Visitors will see the original Roman instruments displayed alongside some of the modern replicas, and learn about how they were used in the Roman period. Some replicas are also available to be handled and played, with additional sound recordings providing an evocative illustration of the sounds of Roman Egyptian life.

These sound recordings were created using computer software that mimics the acoustic qualities of specific interior and exterior spaces. Information on Roman buildings from archaeological excavations in Egypt has been used to allow us to hear the sounds of the instruments as though they were being played within these ancient spaces. Further evidence from ancient sources, such as musical texts from papyri documents, has allowed authentic tunes, rhythms and scales to be replicated. See below for a preview of one of the replica sets of cymbals (based on UC35798) played with one hand in the Paeonic 5/8 rhythm!

A lot of work has gone into the production of this exhibition from writing text for information panels (and making sure it is the correct length to fit the space!), to selecting which artefacts would be best to display (taking into account factors such as their state of preservation), to programming the computers with sound clips via a user-friendly interface. We also sourced an Arabic translator to ensure that non-English speaking visitors could benefit from the display. We are thus incredibly excited to share this event with you!

The 3D printed panpipes which will feature in the exhibition alongside their original Roman counterpart. Photo: Jo Stoner.

Finally there will be a series of public workshops based around our replica instruments aimed at both families and the general public to accompany the exhibition – please see here for further details. These workshops provide an opportunity to try out the full range of replica objects, hear live demonstrations, and learn how to play some ancient rhythms. A Key Stage 2 schools-pack with additional materials will also be available to download from the Petrie Museum website.

The exhibition is located in the pottery gallery of the Petrie Museum – further information including opening hours and the museum’s location can be found here.

The metal replicas

We now nearly have a full set of project replicas! All the replica metal cymbals and bells have now been finished by Justin Richardson and we are ready for the next stage of research.

The full set of metal replica instruments. (Photo: Jo Stoner)

The metal replicas include 3 sets of cymbals, each pair finished in a different way to reflect the originals. Two pairs – the ones with the high shine finish – were created by shaping a flat disk of alloy over a mould, with the edges hammered slightly to mimic the caulked finish of the originals.

The replicas of cymbals UC33269 (a+b) attached to metal handles. the edges of the cymbals have been hammered to mimic the originals’ caulked edges. (Photo: Jo Stoner)

One pair has been attached to metal handles allowing the cymbals to be easily held and hit against each other, as seen in visual sources from the period. Another pair – these ones cast rather than hammered – are also attached to handles in the same manner, mimicking a specific example in the British Museum. Compared to the unattached pair, the handles allow a much louder sound to be created by banging the handles on the forearm of the player.

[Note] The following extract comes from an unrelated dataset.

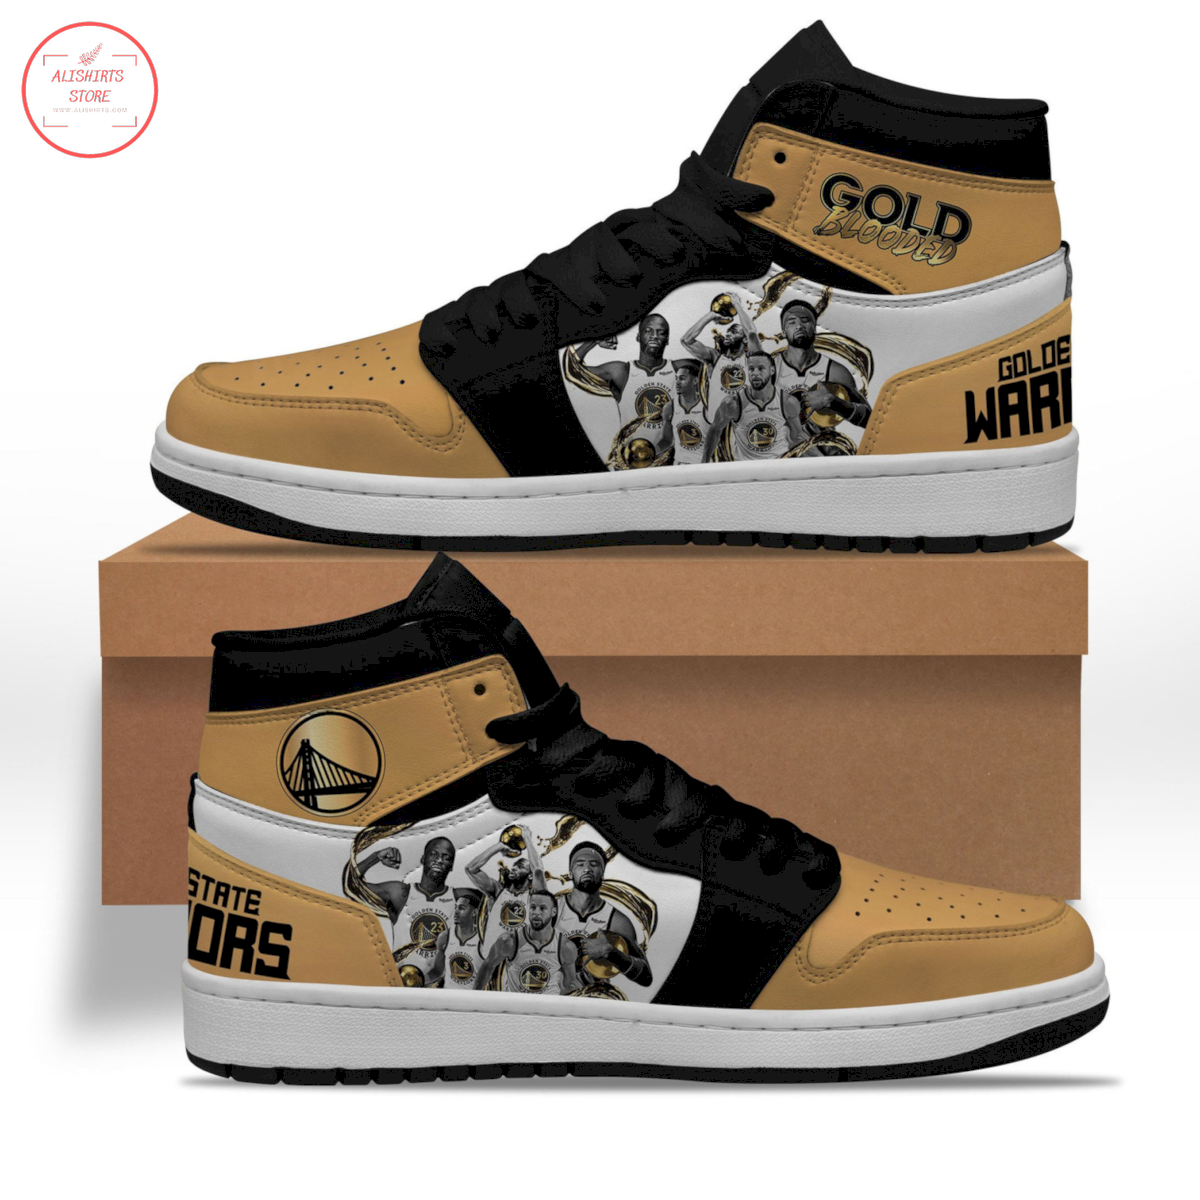 Golden State Warriors Gold Blooded High Air Jordan 1 Sneakers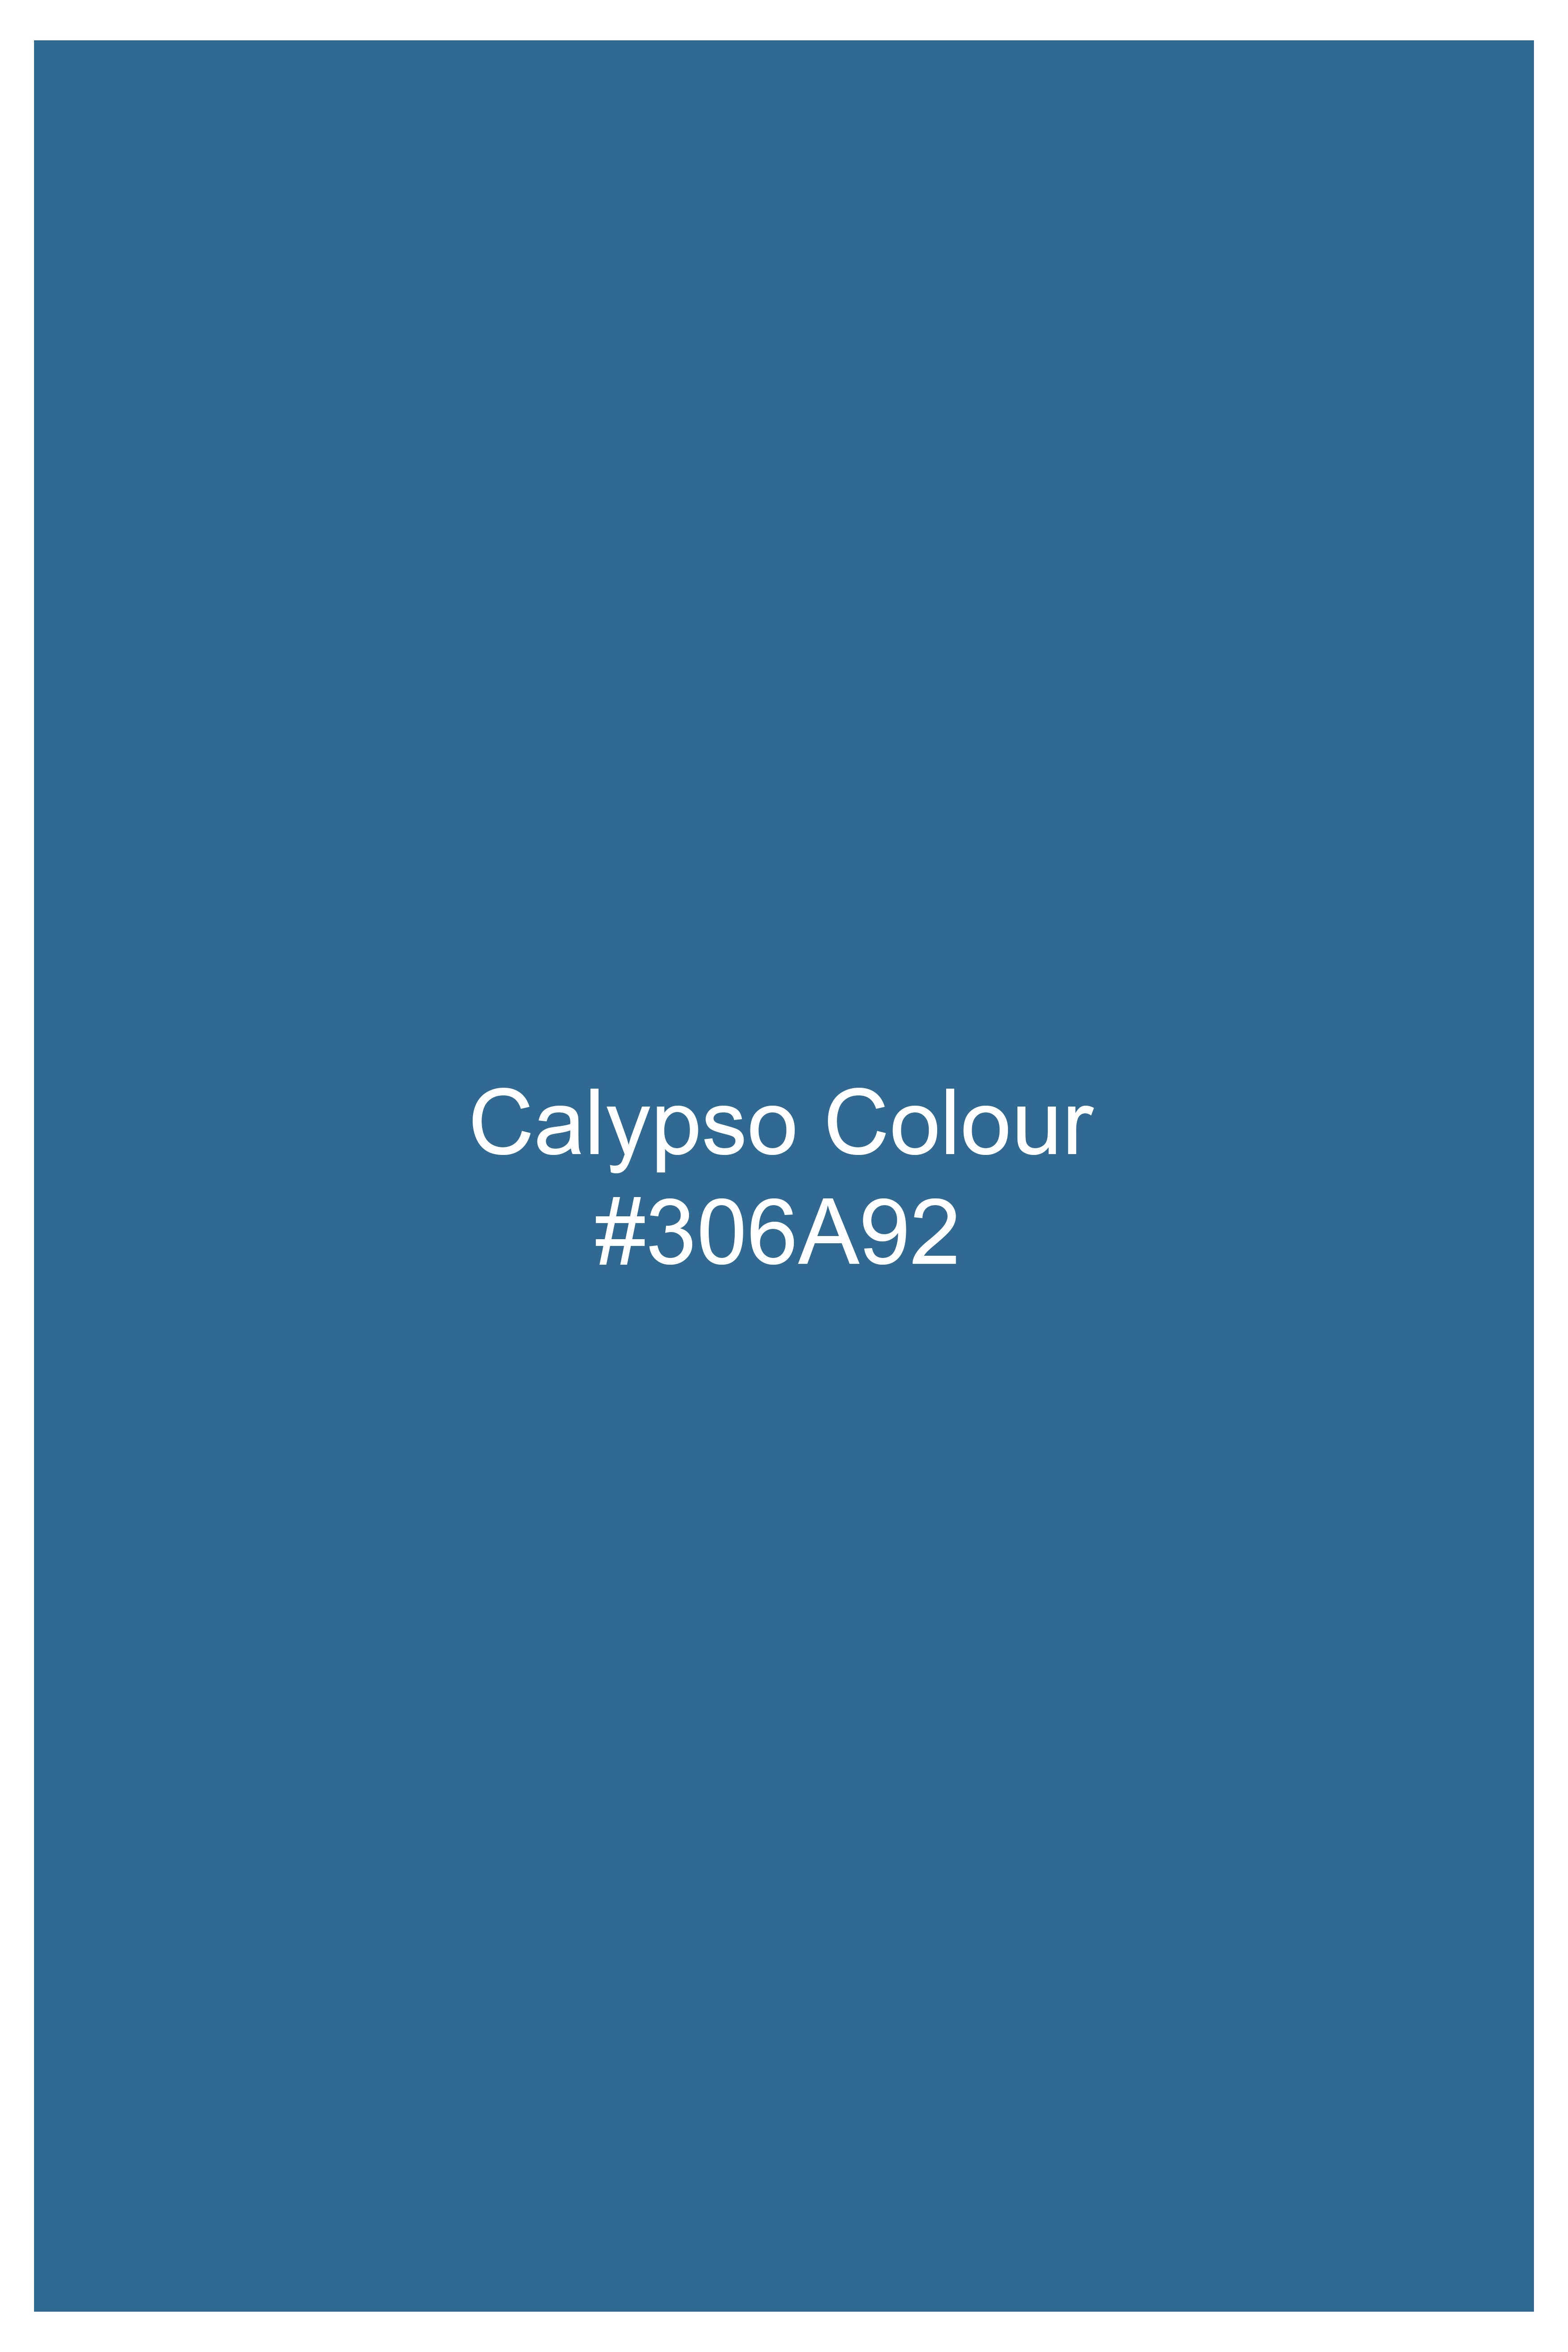 Calypso Blue Wool Rich Tuxedo Blazer BL3064-BKL-36, BL3064-BKL-38, BL3064-BKL-40, BL3064-BKL-42, BL3064-BKL-44, BL3064-BKL-46, BL3064-BKL-48, BL3064-BKL-50, BL3064-BKL-52, BL3064-BKL-54, BL3064-BKL-56, BL3064-BKL-58, BL3064-BKL-60

The replica of cymbals UC35798, made using the casting method. The handles they are attached to replicate those in the British Museum (EA26260). (Photo: Jo Stoner)

The range of bells with bracelets attached have been created to mimic not only the materials but also the size. The iron bracelets accurately reflect the diameters of the originals which would have been worn by small children; the bells themselves make delicate tinkling sounds.

The replica bell with iron child’s bracelet (UC58450). (Photo: Jo Stoner)

The Bes bell – one of our favourites – looks really impressive. Thanks to the laser scanning process, all the details have been preserved in the cast replica, including the thinned and worn ring at the back of the bell. This kind of wear pattern shows that the bell was originally rung side-to-side. Justin has also added some engraved detail to the headdress decoration which sparkles when it catches the light, and giving an insight into what the brand new original may have looked like.

The Bes bell (UC8976) replica – note the replicated worn suspension ring. (Photo: Jo Stoner).

The bell with the gilded suspension ring has also been recreated. The series of loops attached to the top make it difficult to swing the bell to create any significant sound; instead it is most effective when holding onto the loop attached to the body of the bell itself. This kind of information will help us to interpret the original’s method of use and the range of sounds it likely made. The other similar bell (UC35794) makes a surprising and unpleasantly high pitch noise when rung.

Replica of bell UC33261, with gilded suspension ring. (Photo: Jo Stoner).

Not all of the bells had the clappers in place. Where possible we have recreated the originals exactly, using steel and copper alloy clappers to reflect those used on the extant originals, thus ensuring all the bells can now produce a sound. These metal replicas join the rest of our completed reconstructed instruments  – the craft-made reed and 3D printed panpipes, pottery and 3D printed rattles, and the 3D printed clappers. We now have quite the selection! The final replica yet to be finished is a pair of clappers that are being carved using a wood router, using the data from the laser scan – this should arrive by the end of June.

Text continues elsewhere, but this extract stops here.